Comic-Con in San Diego is the annual convention where people celebrate comics and cosplay as their favorite characters. It is also emerging as an unlikely battleground in the war between the hotel industry and Airbnb over which is a “price gouger.”
The hotel industry and Airbnb don’t see eye-to-eye on much. One thing they do agree on, however, is that “price gouging” for accommodations is bad. Another thing they agree on: It’s the other guy that does it.
It’s unclear what price gouging even is. “Price-gouging statutes are almost always related to an emergency situation,” says Professor Stephen Barth, an attorney and professor at Conrad N. Hilton College of Hotel and Restaurant Management at the University of Houston.

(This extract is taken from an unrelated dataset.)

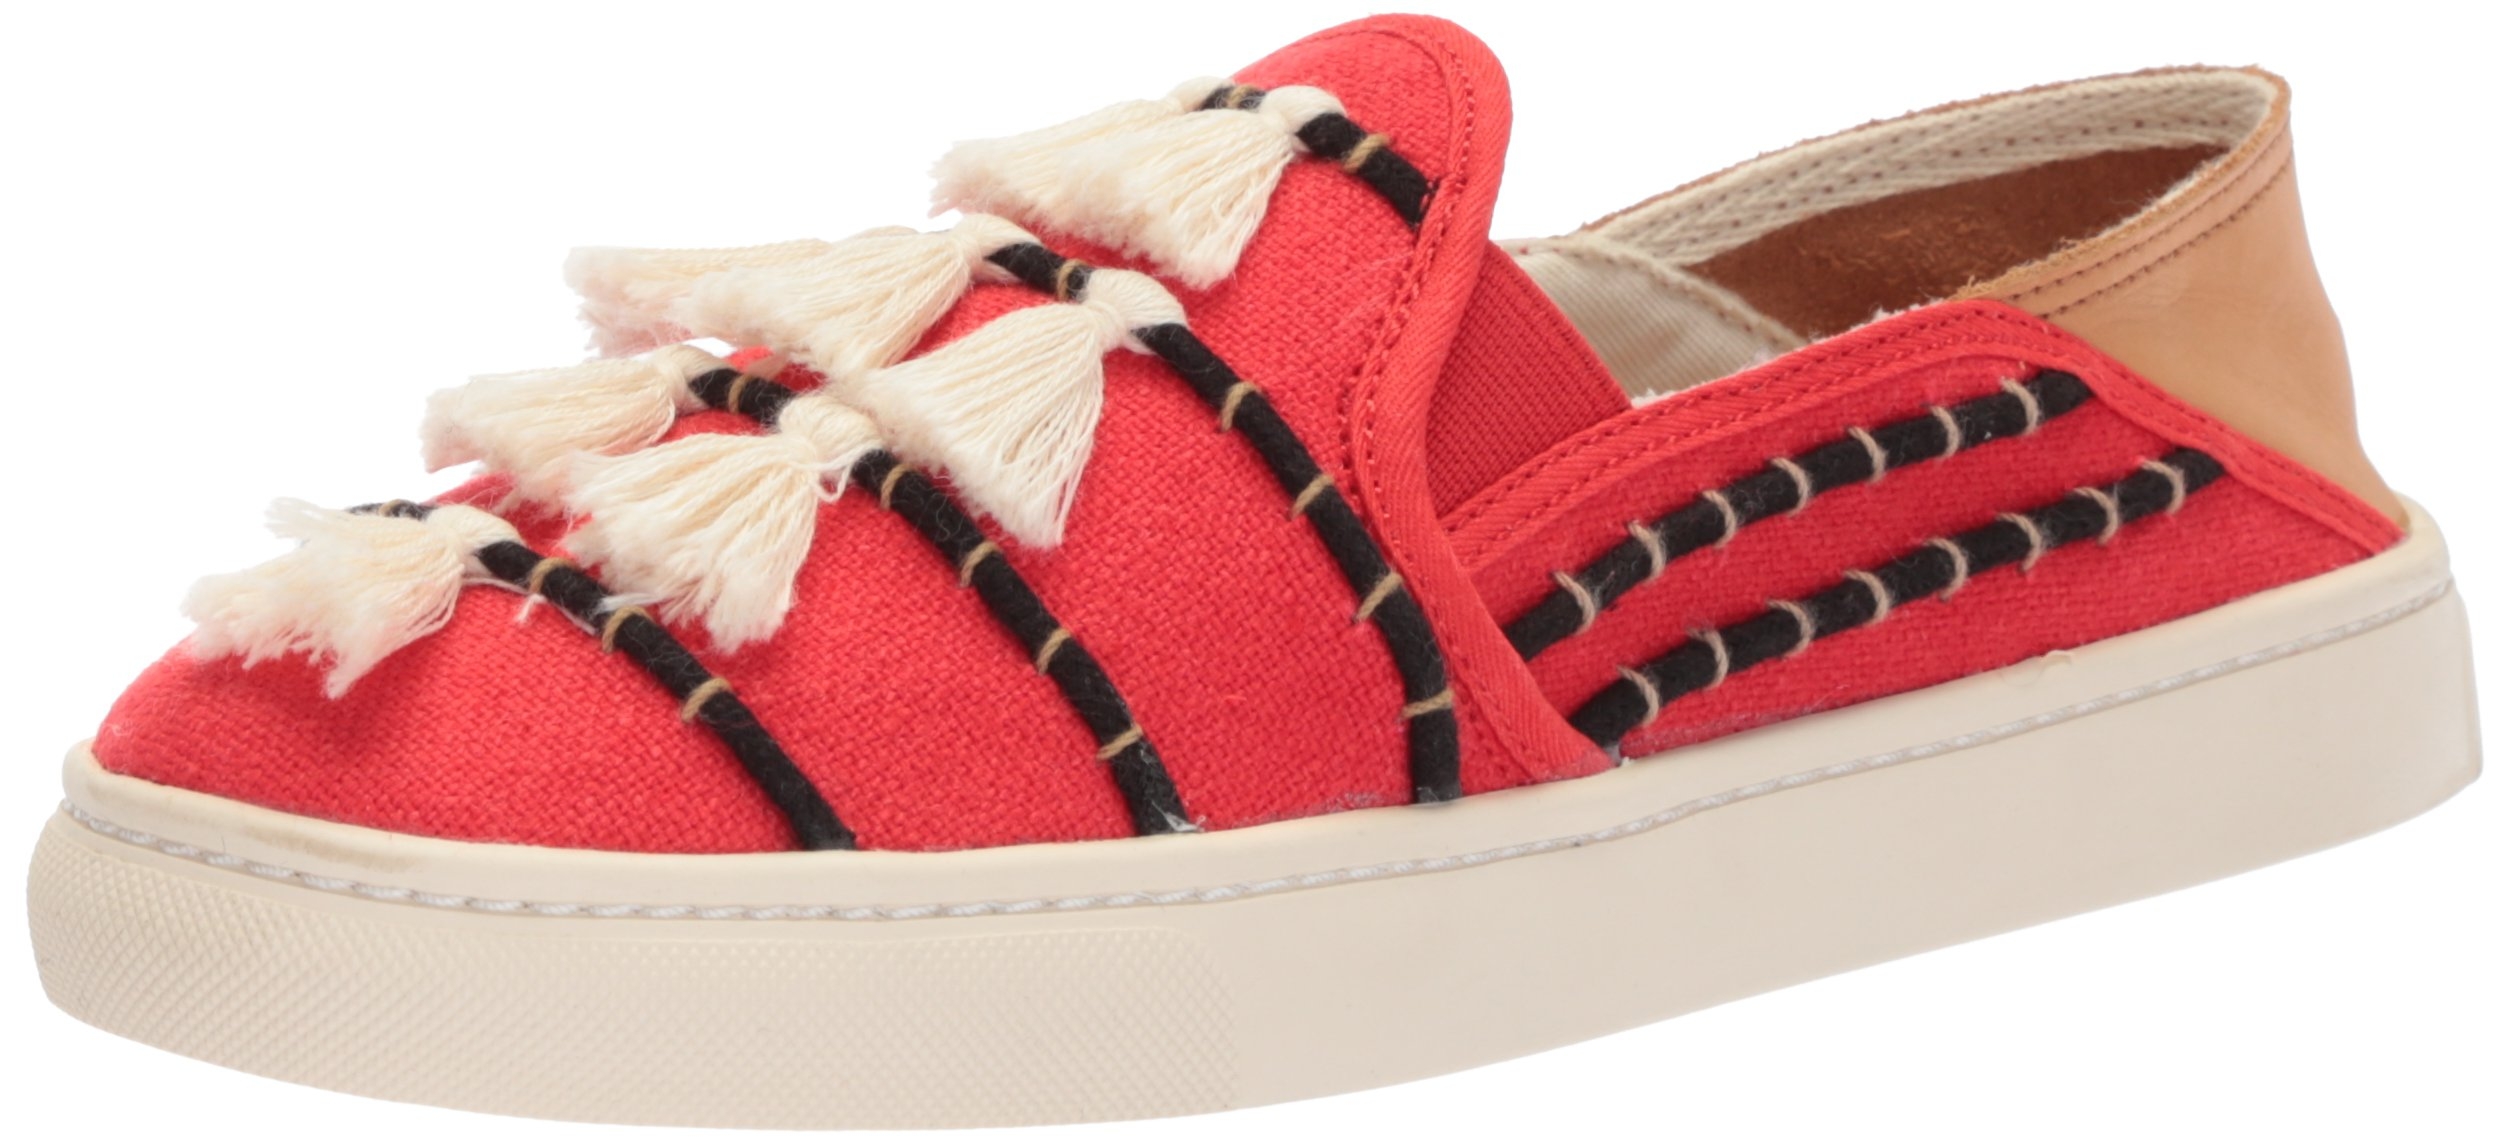 Soludos Women's Tassel Slip Sneaker, Red/Beige, 8 B US

And a legal website notes that price gouging is hard to define and so is often described vaguely as charging “unconscionably” high prices.
Airbnb may have fired the first shot in this particular battle, although it’s hard to say, as the two sides have been sniping at each other since Airbnb reached critical mass after its founding in 2010. In April 2017, the home sharer put out a report entitled “Airbnb: Fighting Hotel Price-Gouging, Saving Millions for Consumers.” It claims, “The hotel industry relies on price-gouging to boost its profits and take advantage of big events and other popular travel dates when hotels are largely sold out…hotels make anywhere from 35% to 70 percent more revenue per available room increasing prices on so-called “compression nights’” when occupancy is over 95%.”
The Airbnb report included a chart comparing hotel and Airbnb prices during seven major events including Comic-Con in San Diego 2016. According to Airbnb, during the Comic-Con period (7/20–7/24) the average hotel room price was $261, but the average Airbnb room price was $145, for an average savings per room of $116. With 20,600 total room nights booked on Airbnb, the home sharer claimed an average total savings of $2,389,600 throughout the city. And an Airbnb spokesman claimed, “Roughly 80% of our hosts in San Diego share their primary residence.”